Somehow This Robot Sticks to Ceilings by Vibrating a Flexible Disc

It's either some obscure fluid effect or black magic

2 min read
Vibrating disk climbing robot
Image: UCSD

Just when I think I've seen every possible iteration of climbing robot, someone comes up with a new way of getting robots to stick to things. The latest technique comes from the Bioinspired Robotics and Design Lab at UCSD, where they've managed to get a robot to stick to smooth surfaces using a vibrating motor attached to a flexible disk. How the heck does it work?

According to a paper just published in Advanced Intelligent Systems, it's due to “the fluid mediated adhesive force between an oscillatory plate and a surface" rather than black magic. Obviously.

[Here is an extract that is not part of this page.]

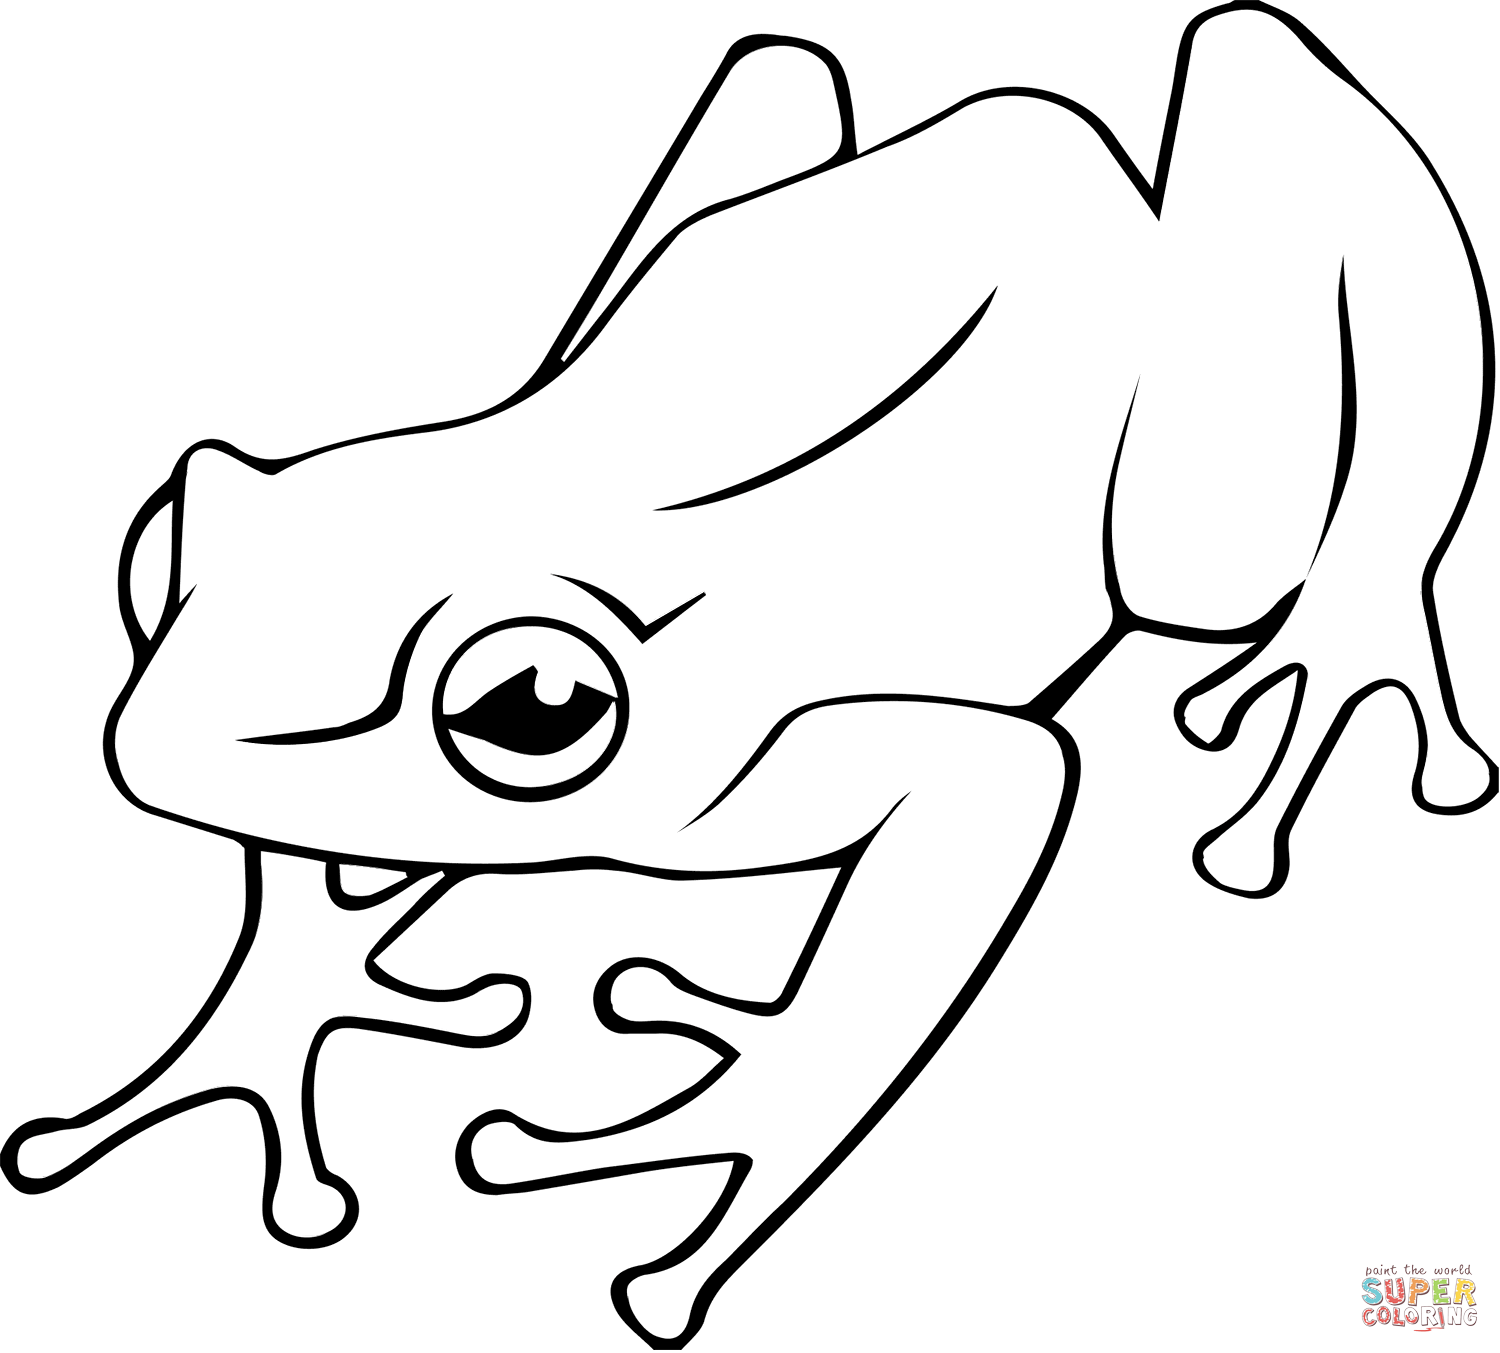 Poison Dart Frog coloring page | Free Printable Coloring Pages

Weird, right? In the paper, the researchers explain that what's going on here: As the 14cm diameter flexible disk vibrates at 200 Hz, it generates a thin layer of low pressure air in between itself and the surface that it's vibrating against. Although the layer of low pressure air is less than 1 mm thick, the disk can resist 5 N of force pulling on it. You can sort of think of this as a suction effect, except that it doesn't require the disk to be constantly sealed against a surface, meaning that the robot can move around without breaking adhesion.

Figure Image: UCSD

The big advantage here is that this is about as simple and cheap as a smooth-surface climbing robot gets, especially at small(ish) scales. There are a couple of downsides too, though. The biggest one could be that 200 Hz is a frequency that's well within human hearing, which probably explains that soundtrack in the video—the robot is, as the researchers put it, “inherently quite noisy." And in contrast to some other controllable adhesion techniques, this system must be turned on at all times or it will immediately plunge to its doom.

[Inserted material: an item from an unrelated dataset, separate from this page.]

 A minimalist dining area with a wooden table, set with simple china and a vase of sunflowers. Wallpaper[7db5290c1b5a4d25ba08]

The robot you're looking at in the video (with a 14cm disk) seems to be the sweet spot when it comes to size—going smaller means that the motor starts taking up a disproportionate amount of weight, while going larger would likely not scale well either, with the overall system mass increasing faster than the amount of adhesion that you get. The researchers suggest that “it could be advantageous to combine several disk geometries to achieve the desired load capacity and resilience to disturbances," but that's one of a number of things that the researchers need to figure out to properly characterize this novel adhesion technique.

Gas-Lubricated Vibration-Based Adhesion for Robotics, by William P. Weston-Dawkes, Iman Adibnazari, Yi-Wen Hu, Michael Everman, Nick Gravish, and Michael T. Tolley, is available here.

This article appears in the September 2021 print issue as "Curious Physics Lets Robot Crawl Across Ceilings."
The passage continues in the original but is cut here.